YOUR TASK
Beginning with the line that contains "Neurone, radice vegetale, antichi", reproduce the remaining lines of the material exactly, up to and including the last one, but no pictures.

INFORMATION SHOWN
########

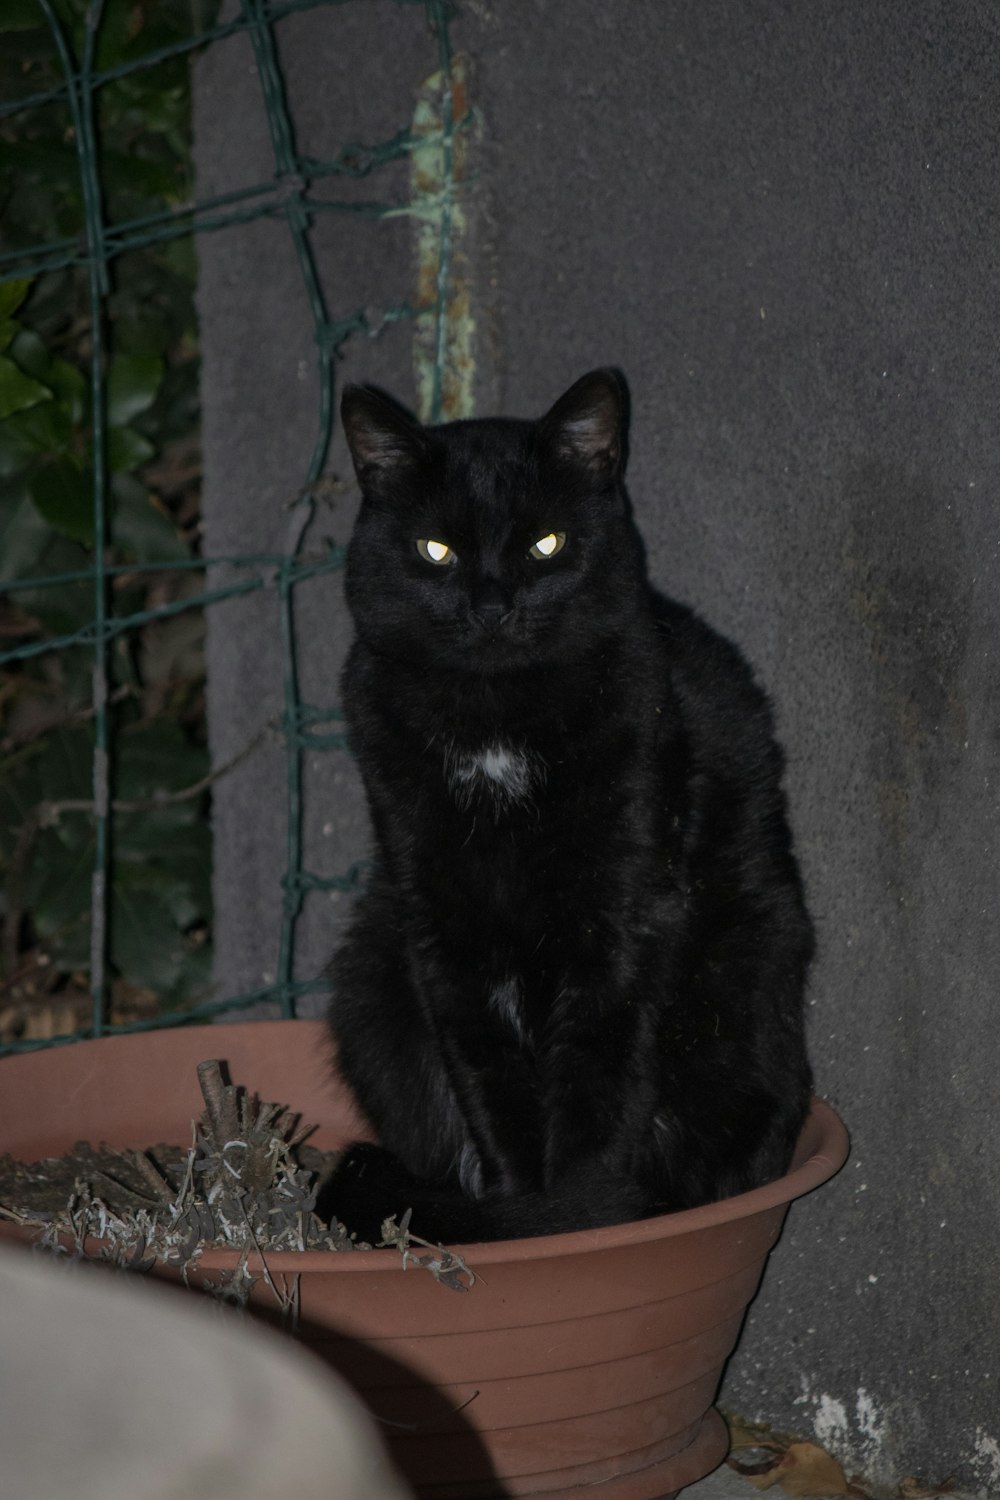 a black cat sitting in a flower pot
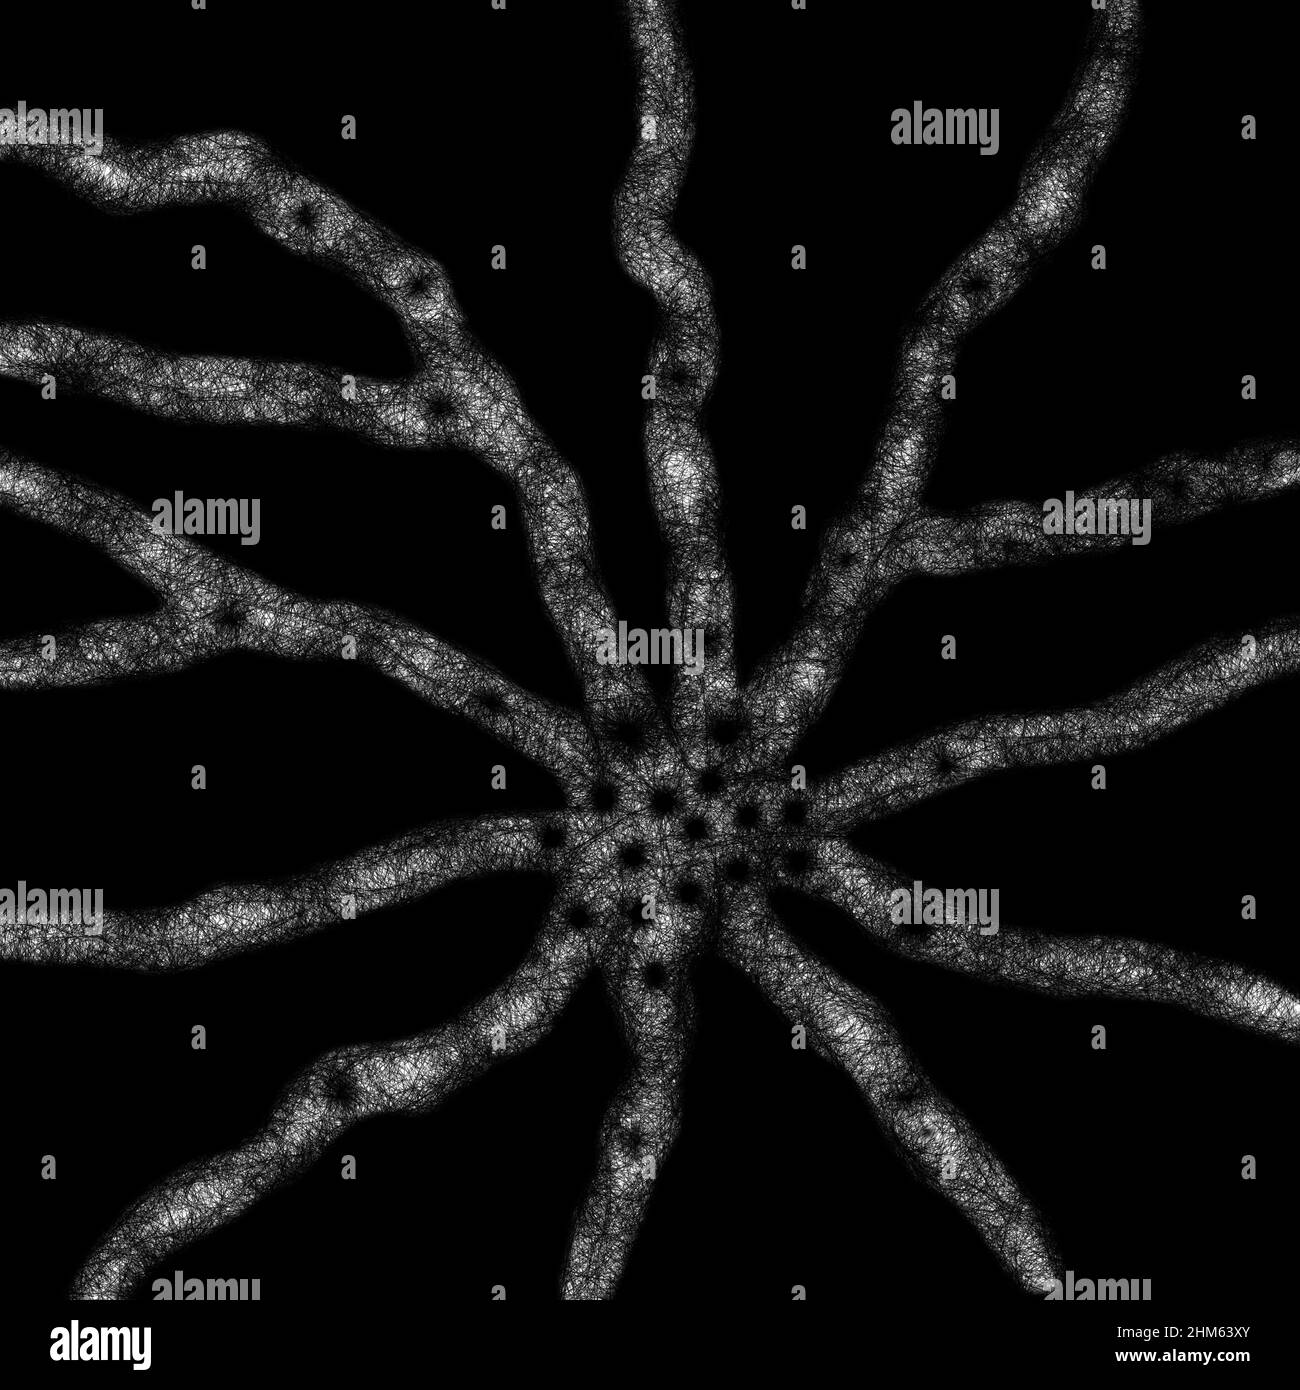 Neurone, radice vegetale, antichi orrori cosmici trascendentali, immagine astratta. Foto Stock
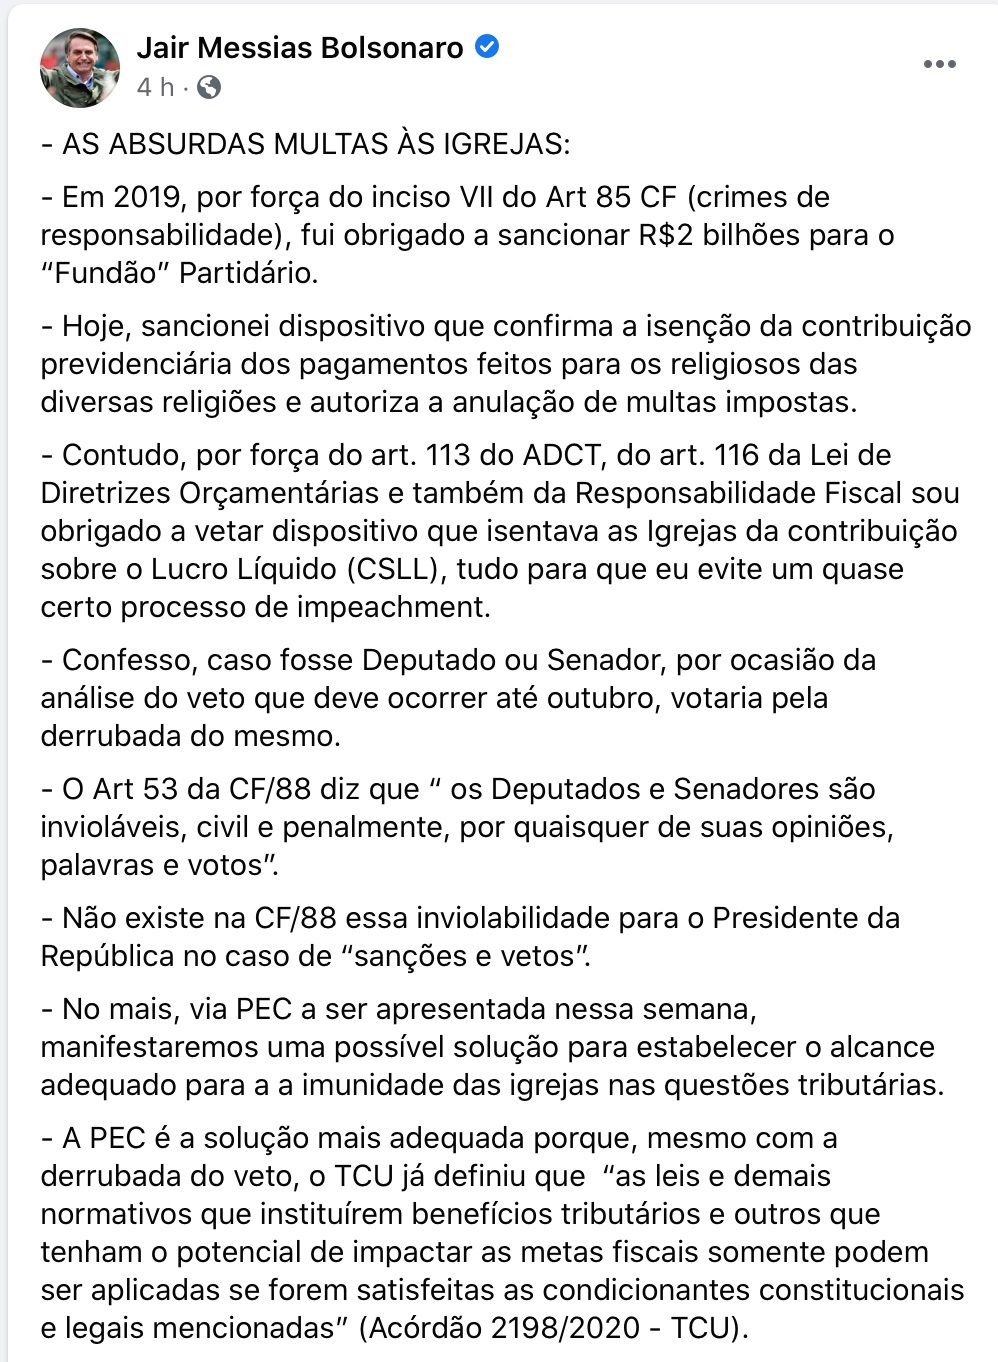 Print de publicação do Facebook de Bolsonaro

########

OUTPUT BELOW
 Neurone, radice vegetale, antichi orrori cosmici trascendentali, immagine astratta. Foto Stock
 Print de publicação do Facebook de Bolsonaro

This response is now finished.